Apr 8, 2011

Called to the Dance


Here is the church
Here is the steeple
Open the doors
And see all the people.

The childhood finger game is one of my earliest images of the church.  It takes some manual dexterity to push your index fingers into the form of the steeple, and to interlock the remaining ones so that the people are hidden under the church roof, ready to be revealed when we open our thumb doors, rather than dancing on it.

"Church" is possibly the most common word that we Christians use, second only - perhaps - to "God." We use it of the buildings where we meet to worship God. We use it for the things we do on Sundays, "going to church."  We use it as a shorthand for our parishes and congregations. And we talk about the church at large, meaning Christians everywhere, or at least Episcopalians.

But in the New Testament, the main word that we translate as "church" is ecclesia.  It doesn't mean the buildings, or what we do.  It means literally "called out." We are the people who are called out, who are gathered together by God.  We are bound together by our faith in Christ, through baptism, and we are bound together with the people with whom we gather to worship and pray and serve.  We belong to one another, just as we belong to God.

And it's that belonging to God that shapes our relationship with one another as the church.  Just as God as Trinity is in an eternal dance of relationship of mutual interdependence, Father, Son and Holy Spirit, we as Christians are caught up into that dance with God, and in turn mirror that interdependence with one another as the church.

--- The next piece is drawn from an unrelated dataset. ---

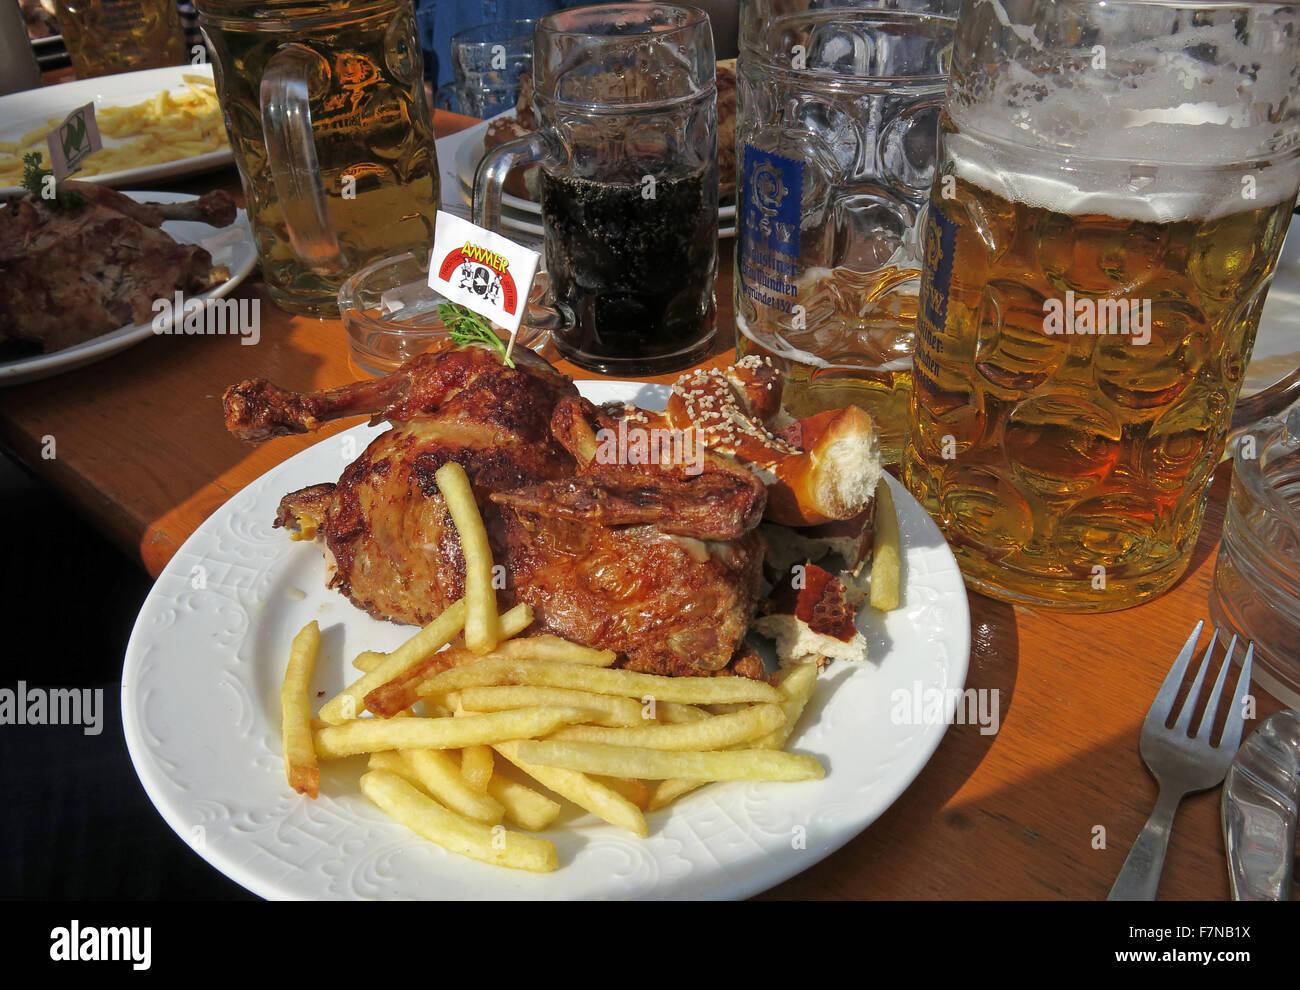 Oktoberfest beer steins and festival food, half chicken & fries, Munich, Germany - Stock Image
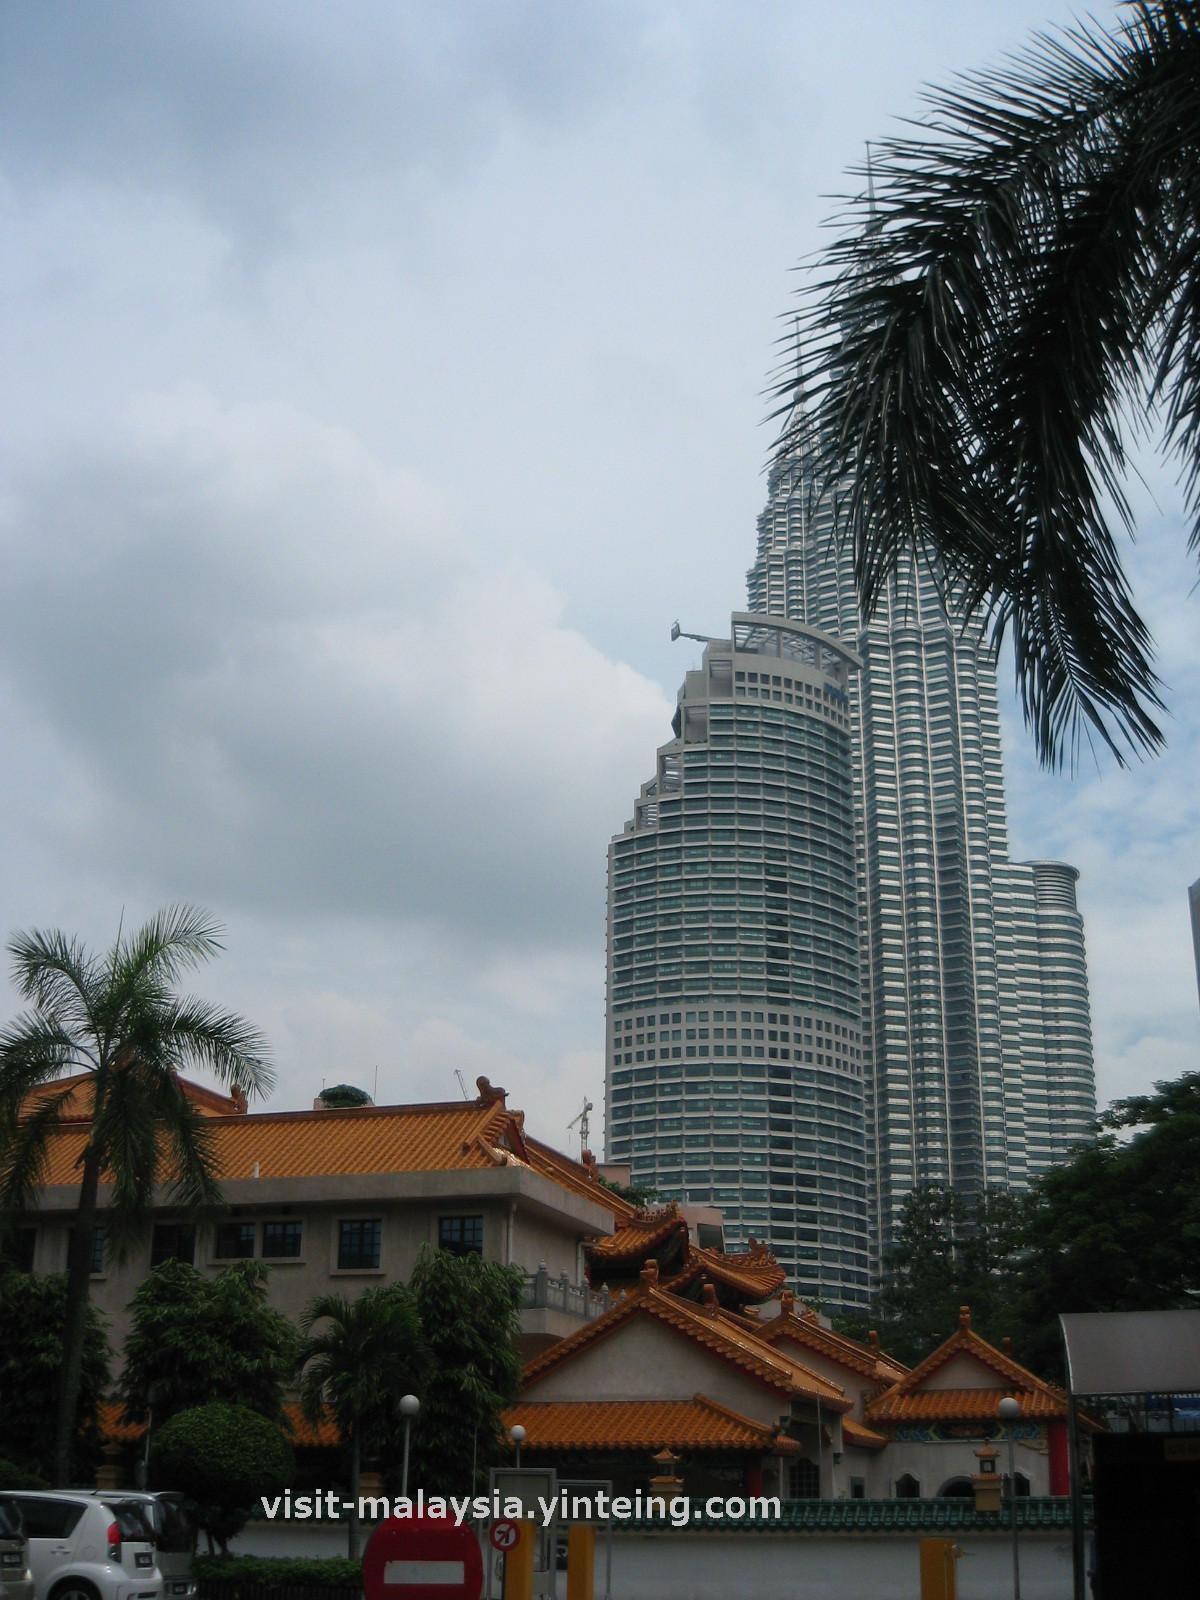 Where to get great vegetarian food in Kuala Lumpur

One of the places to which we Episcopalians turn to explain what it means to live as Christians is the baptismal covenant.   But one of the things I've noticed recently is that the baptismal covenant doesn't do too well in expressing that interdependence.  It's implied earlier in the Baptism service, where the congregation is asked if they will support the baptismal candidate in their life in Christ.  But in the covenant itself, references are scarce.  We say we believe in the church - whatever it is - in the Creed.  But then we focus on our individual actions, in how we live our lives and in how we respond to the world around us.  It's as if we've forgotten that in baptism we are not only joined to Christ, but are joined to those called by his name.  We have a new identity in the household of God. And I wonder if we need to add a sixth question, "Will you use your God given gifts for the glory of God and the upbuilding of the church?"